No apologies to Bulwer-Lytton. He still owes us one.
The Hill:
Adult-film actress Stormy Daniels has recorded an interview for CBS's "60 Minutes" after filing a civil suit against President Trump this week in an attempt to void a nondisclosure agreement between the pair.
A source familiar with the program told The Hill that Daniels, whose real name is Stephanie Clifford, will appear on “60 Minutes” on a future date but won't be on the program this coming Sunday.
Michael Avenatti, the attorney representing Daniels, tweeted a photo of himself Thursday along with the actress and CNN anchor Anderson Cooper, a contributor to "60 Minutes."

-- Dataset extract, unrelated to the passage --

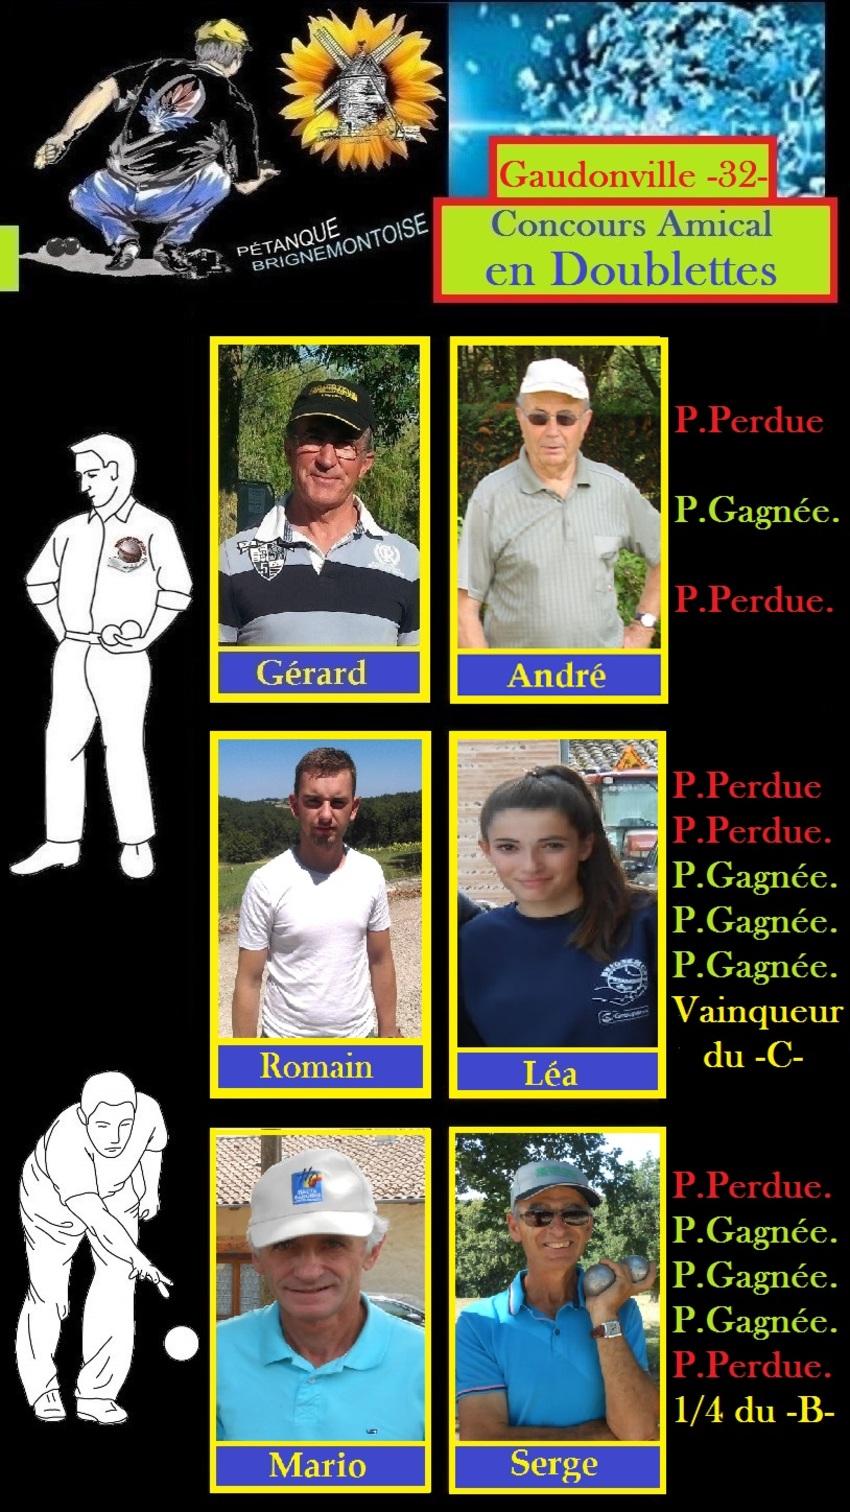 Concours de la Fête locale de Gaudonville -32-

The thing about the Stormy Daniels case is that the suit forces journalists to address the fact that Trump is lying about the affair and the cover-up. He’s lied about his previous accusers. He lies about almost everything, but they prefer to pretend to believe him as a default. Here, they can't anymore.
Thing is, Trump can lie to the press but you can’t lie to the courts. So Trump is stuck.
Trump will negotiate a yuge deal with Kim Jong-un, but because of Michael Cohen's NDA we won't know what it is (or why L.A. got hit with a nuke.) But don’t worry. In case of first use nuclear strike, DPRK pays the Trump Org. $130K and three Stormy Daniels movies.
NY Times:
The moment touches several crosscurrents of the Trump age: an administration defined largely by its chaos; the #MeToo movement; and a news media still grappling, nearly three years after Mr. Trump declared his candidacy, with how to cover his excess of excesses.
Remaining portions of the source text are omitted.